## WORK ITEM:
Which lines hold the word "with"? Copy each of them from the material.

## INFORMATION SUPPLIED:
+ + +
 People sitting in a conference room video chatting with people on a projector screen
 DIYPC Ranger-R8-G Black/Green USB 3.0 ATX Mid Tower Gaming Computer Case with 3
+ + +
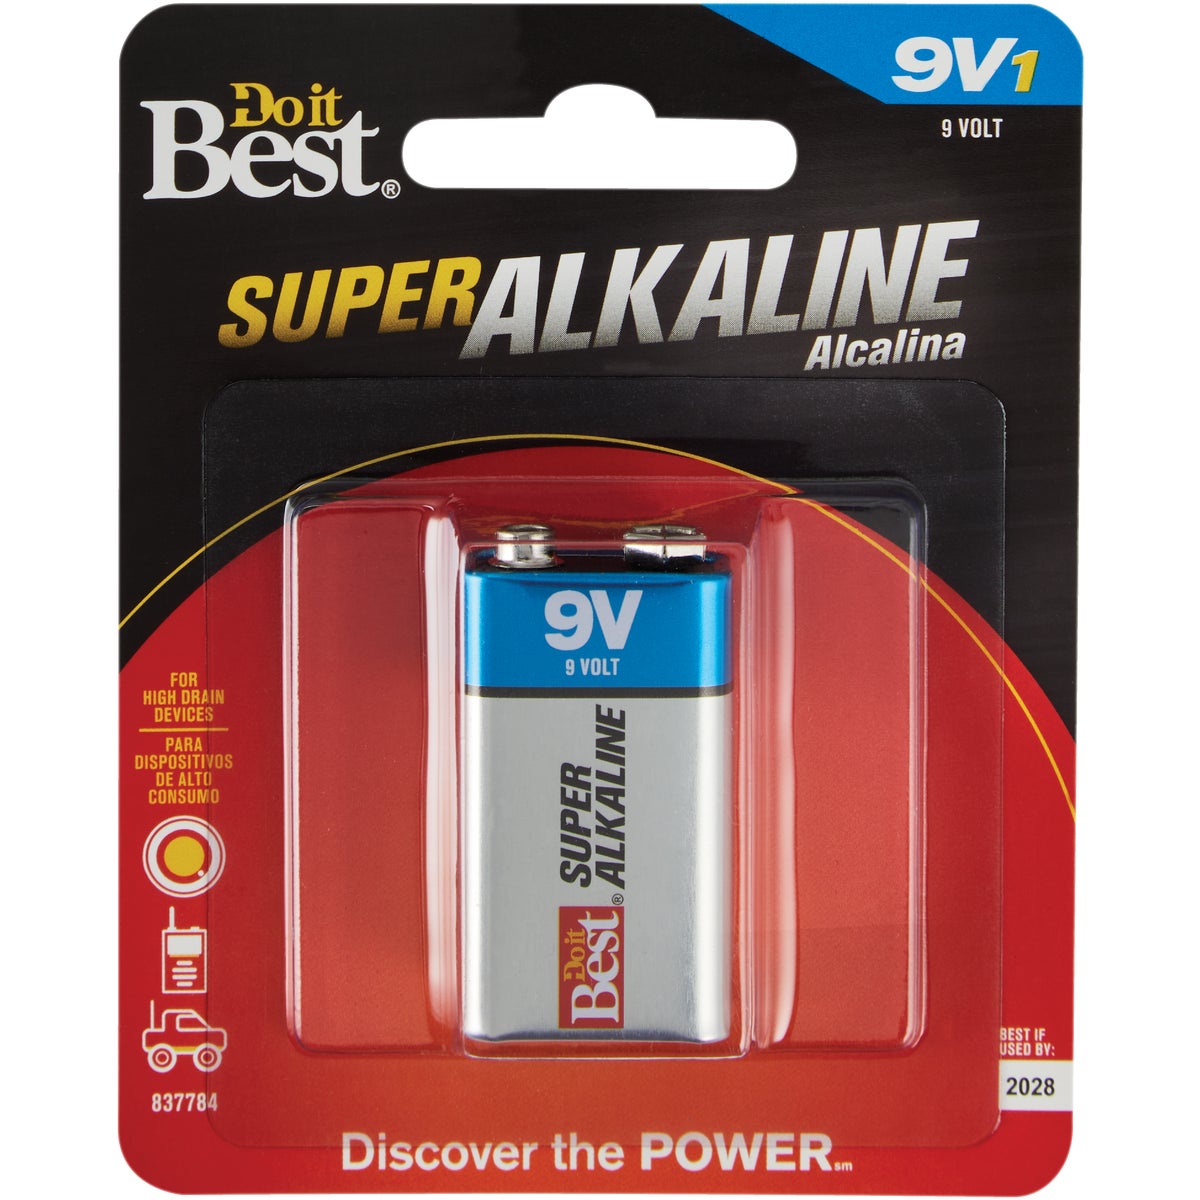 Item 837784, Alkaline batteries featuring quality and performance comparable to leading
+ + +
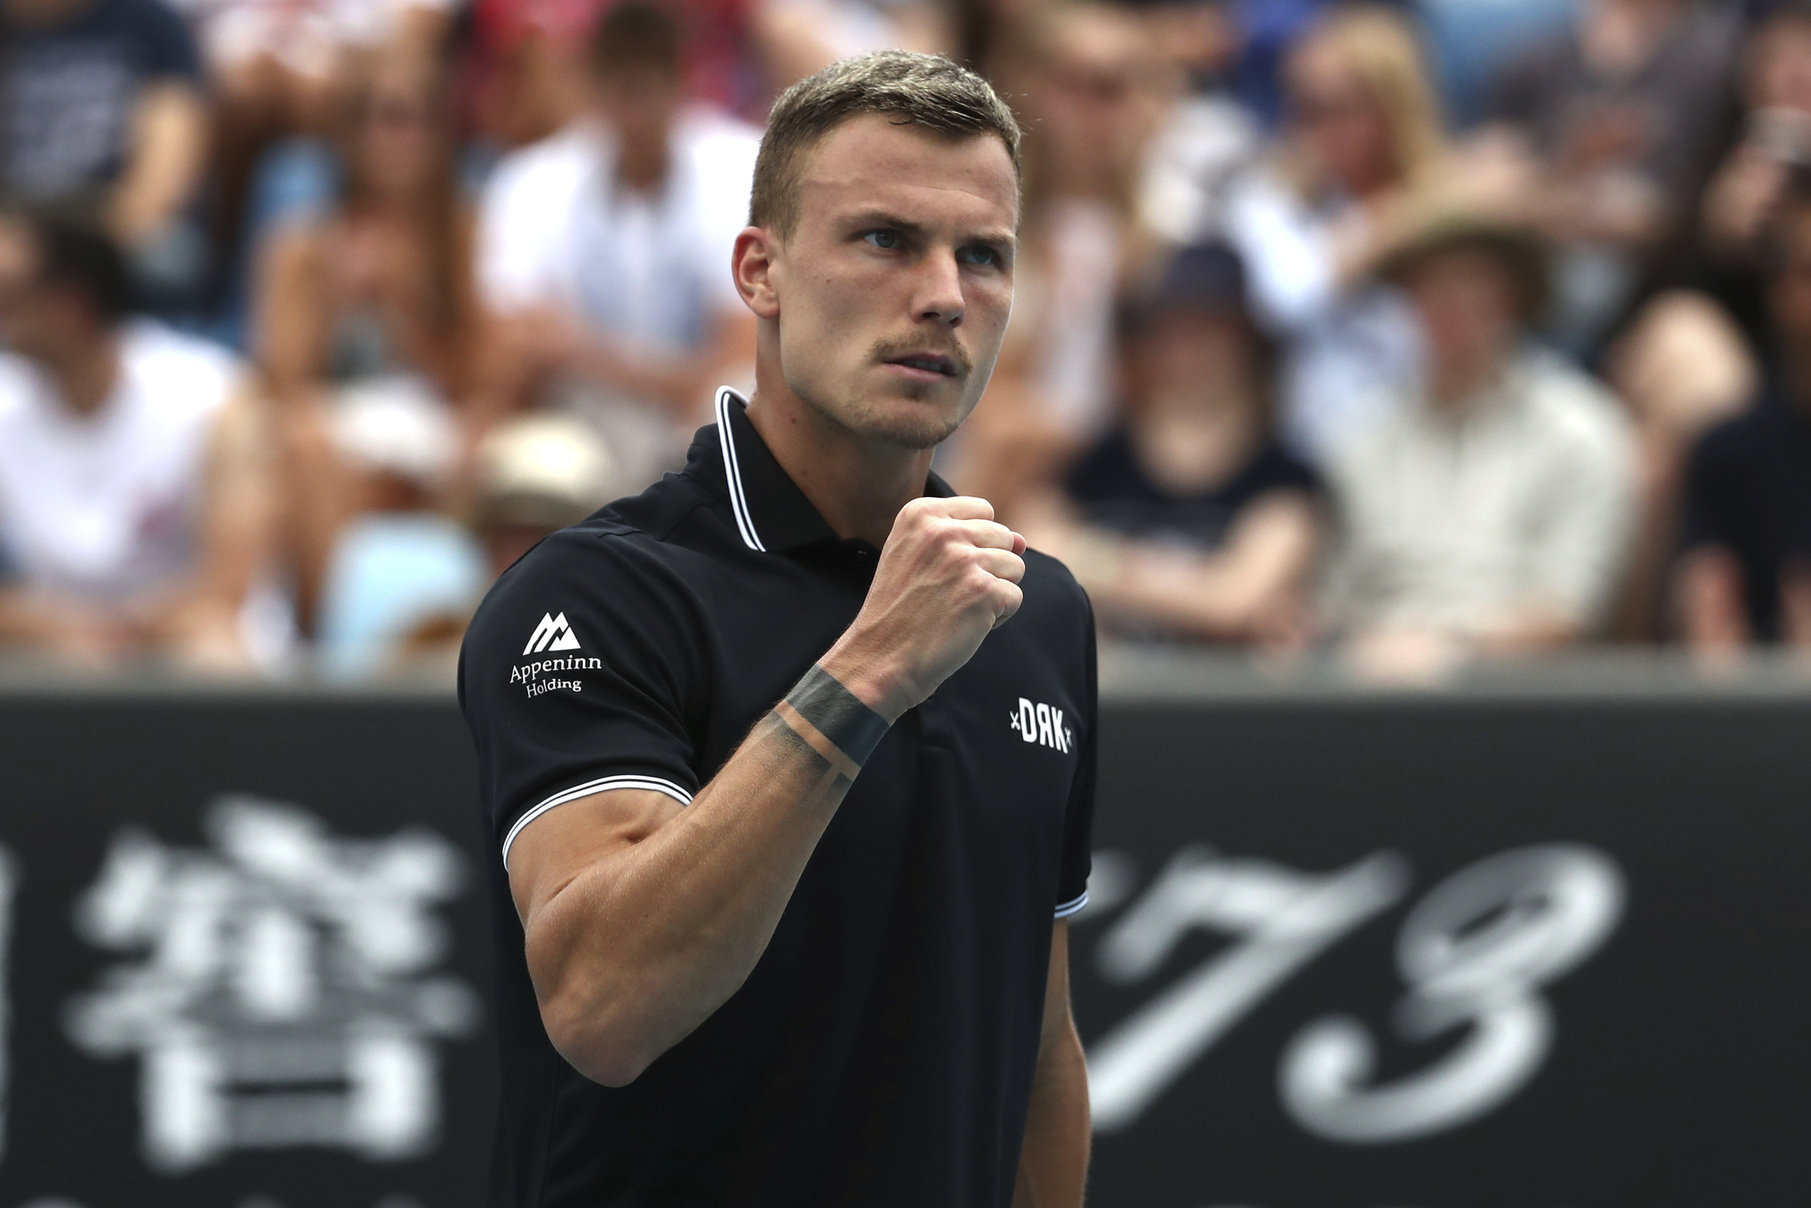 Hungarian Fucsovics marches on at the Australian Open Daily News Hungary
+ + +
## ANSWER:
 People sitting in a conference room video chatting with people on a projector screen
 DIYPC Ranger-R8-G Black/Green USB 3.0 ATX Mid Tower Gaming Computer Case with 3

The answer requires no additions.